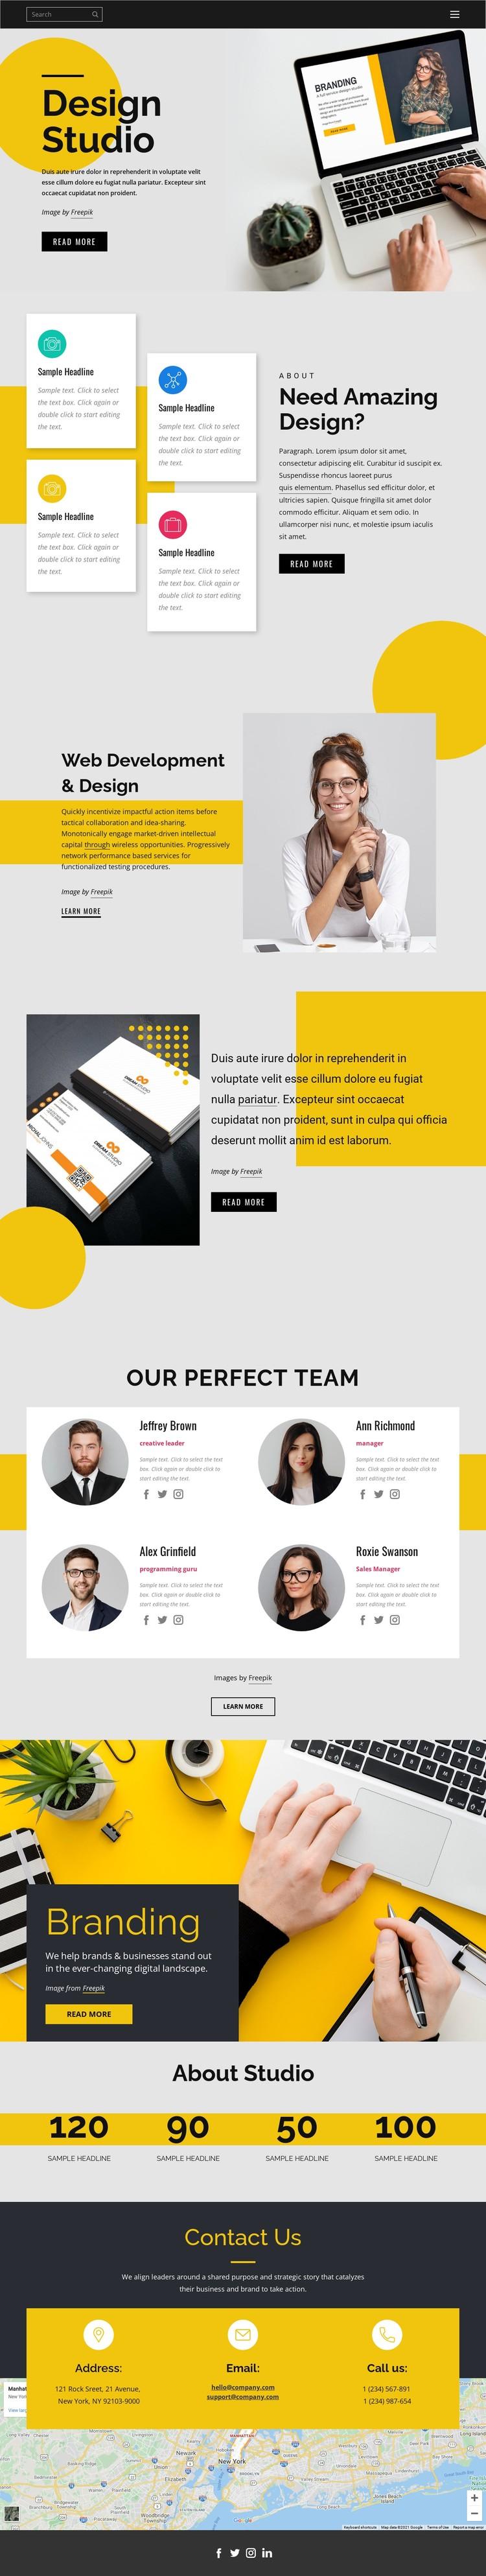 Brand, print & web design CSS Template
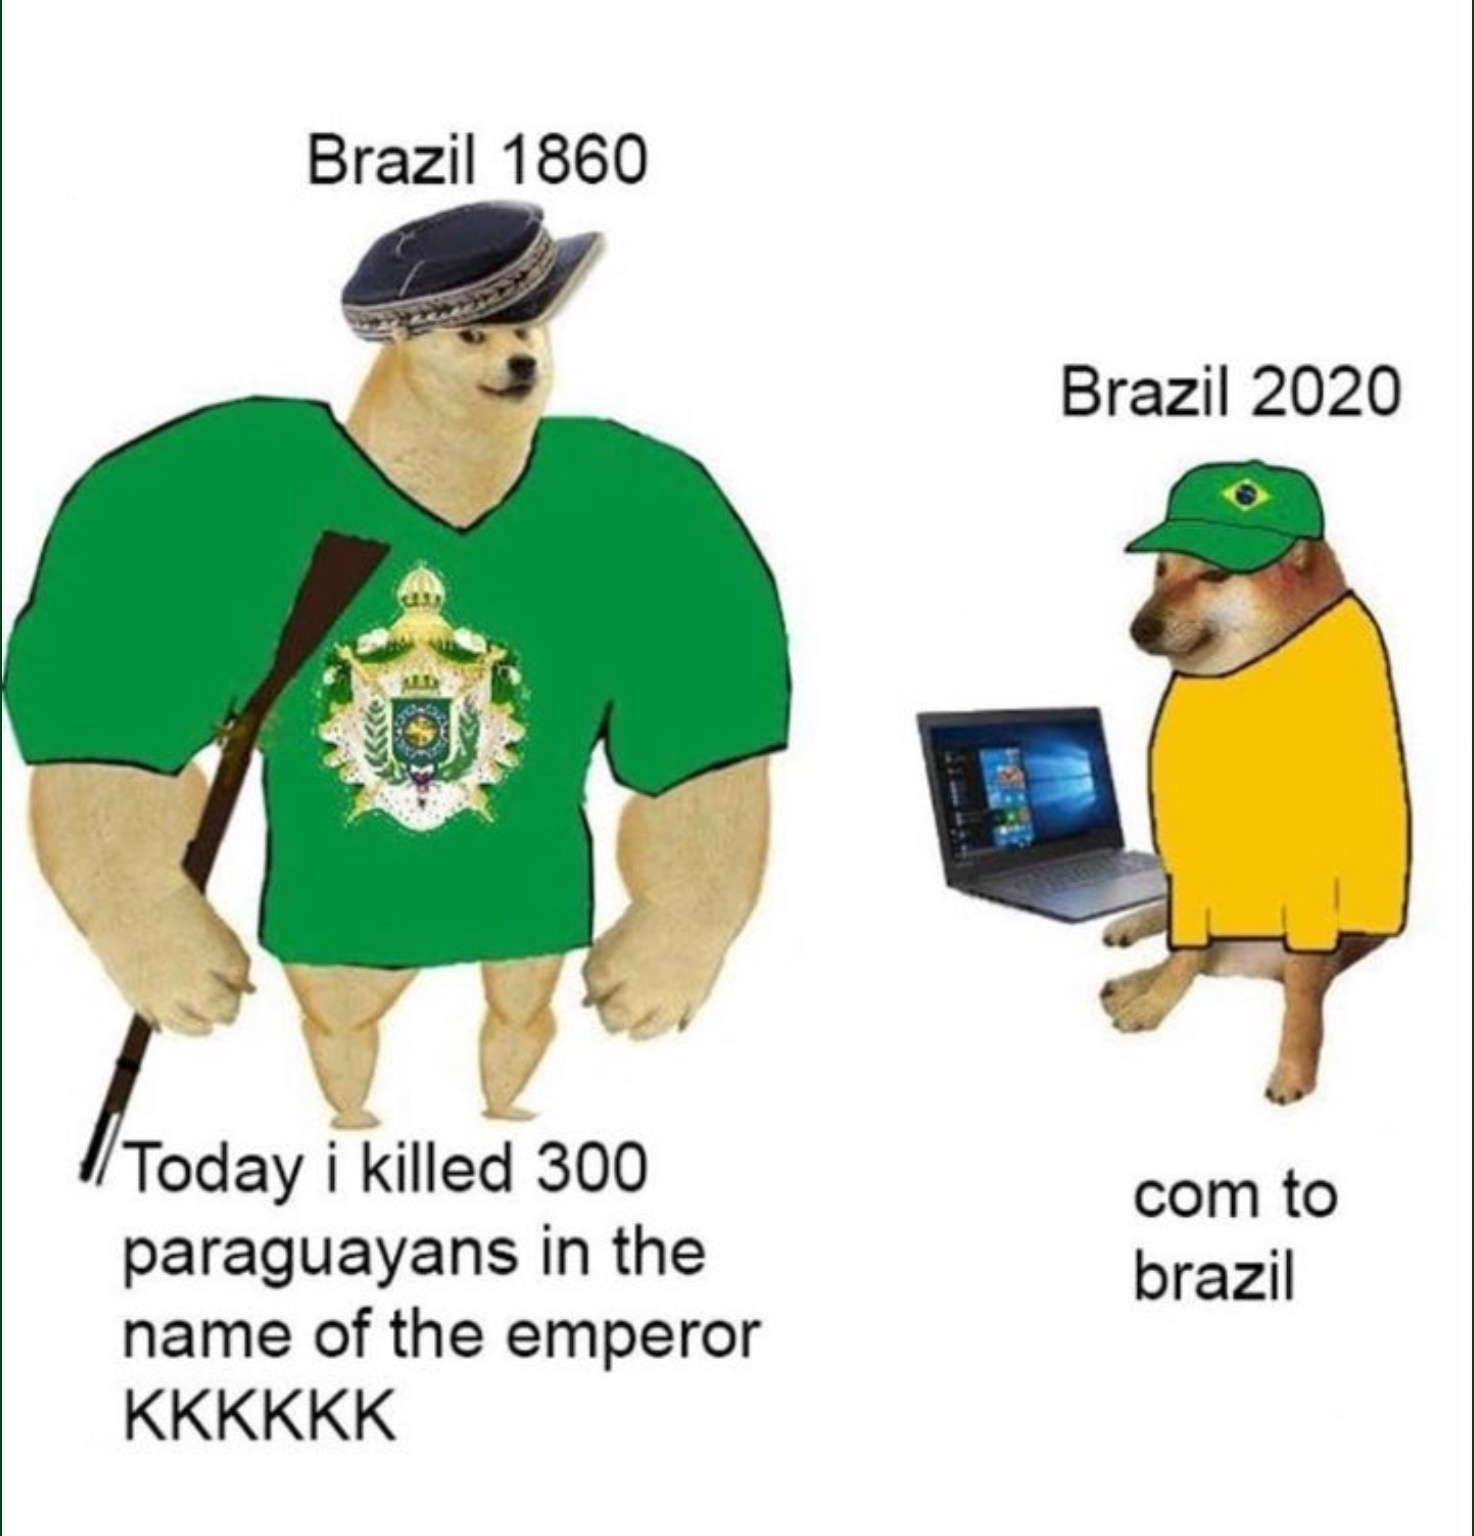 come to brazil vadia puta - meme
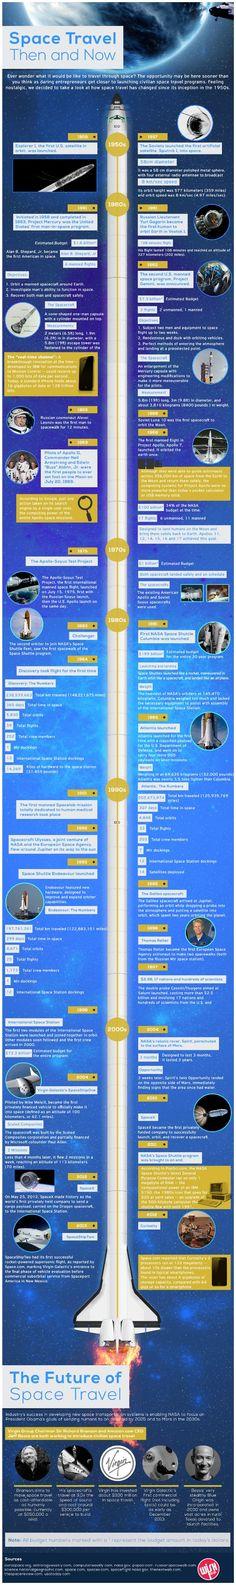 Infographic: Geeky Space Travel | LittleTechGirl.com #Technology
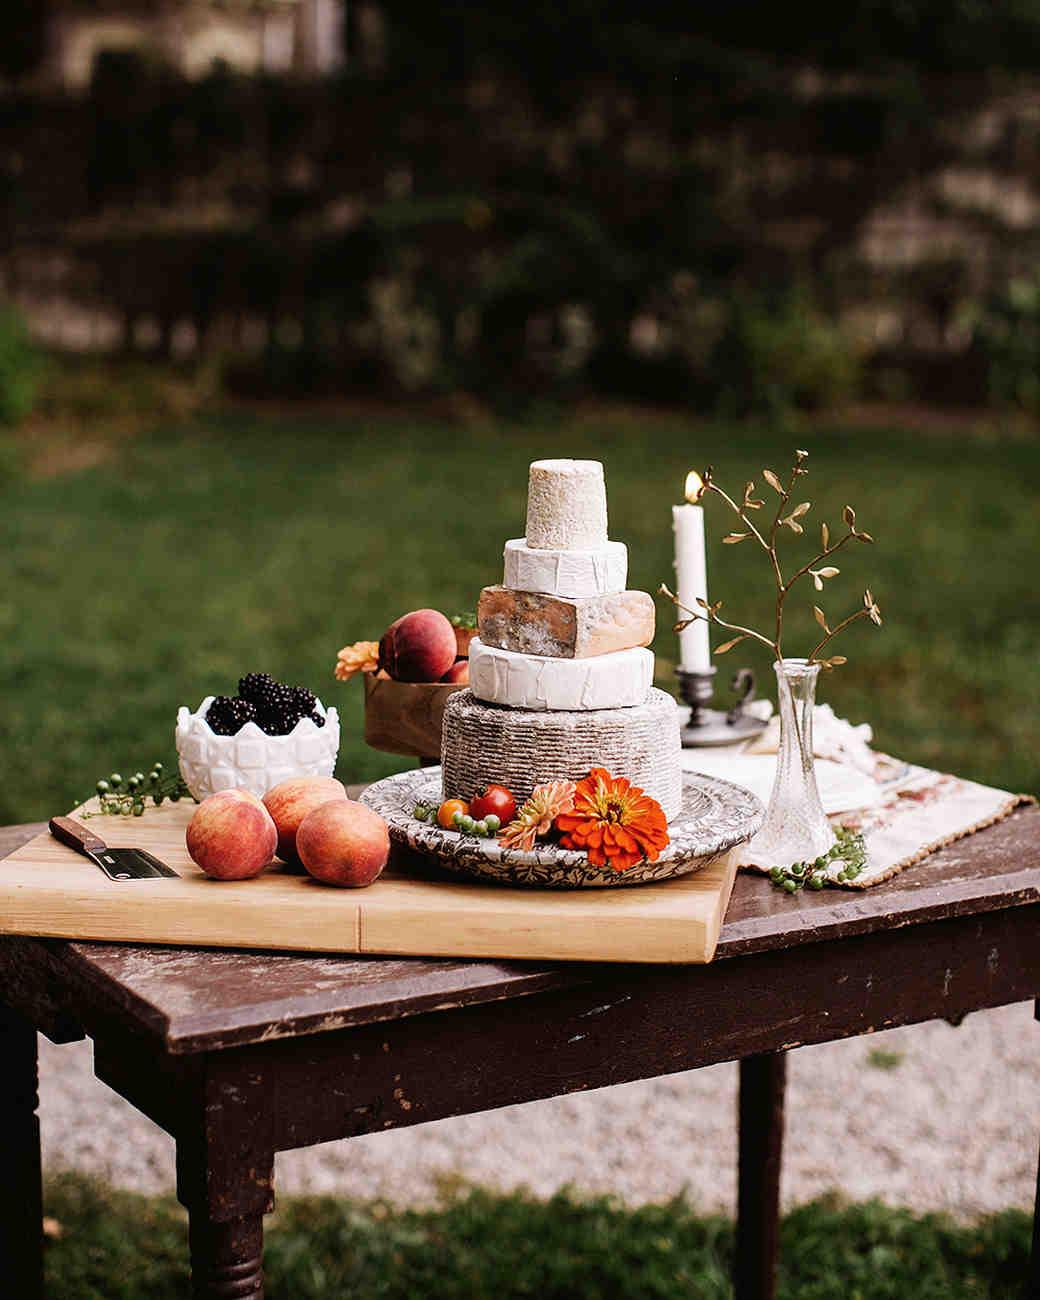 wedding-brunch-ideas-cheese-cake-0416.jpg

EXERCISE> Leave out the pictures; repeat the data exactly.

TASK ANSWER>
 Brand, print & web design CSS Template
 come to brazil vadia puta - meme
 Infographic: Geeky Space Travel | LittleTechGirl.com #Technology
 wedding-brunch-ideas-cheese-cake-0416.jpg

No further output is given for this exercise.